Every year in the UK Singles Chart, there is a highly publicised race for the top slot on the chart immediately prior to Christmas, an honour known as the Christmas Number One. The UK public take a particular interest in chart performance and sales of singles are especially high in the two weeks before Christmas. The race for first position at Christmas has become a British institution and people will speculate, comment and bet upon the outcome.

The following is a list of UK Singles Chart Christmas number twos, songs that came in second place on the chart.

Although the Christmas number one is a highly coveted prize in the United Kingdom, the second-place finisher on the Christmas singles chart has also earned a certain degree of popularity, especially since the 1980s.
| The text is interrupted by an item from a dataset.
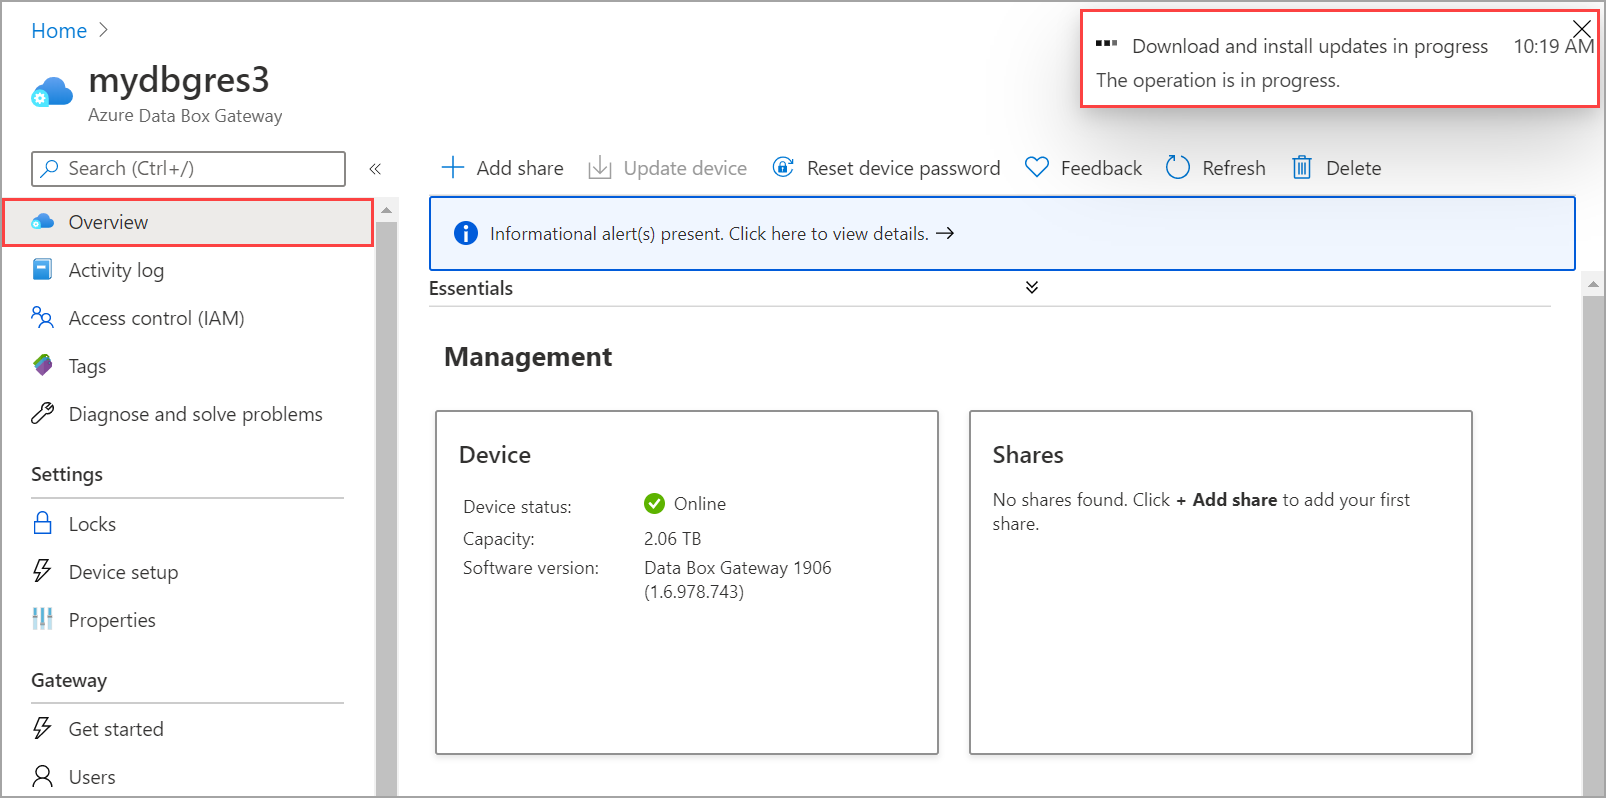 Screenshot of the Azure Data Box Gateway Home page with the Overview option and the Download and install progress message called out.

On PRS for Music's 2010 list of the most popular Christmas songs of the year, the top three songs were all songs that had finished second on the chart: 1987's "Fairytale of New York" by The Pogues and Kirsty MacColl (beaten by the Pet Shop Boys' cover of "Always on My Mind"), 1984's "Last Christmas" by Wham! (second to Band Aid's "Do They Know It's Christmas?"), and 1994's "All I Want for Christmas Is You", now considered a Christmas standard both in the UK and in performer Mariah Carey's native United States but one that lost the Christmas number-one to East 17's "Stay Another Day". In some cases, the Christmas number-one is a novelty song that has little shelf life after the Christmas season, whereas the number-two has a greater life in recurrent rotation. An example of this was 1980's "There's No One Quite Like Grandma" by St Winifred's School Choir, a song that forced "(Just Like) Starting Over" by the recently deceased John Lennon out of the number-one spot (Lennon returned to number-one the week after Christmas).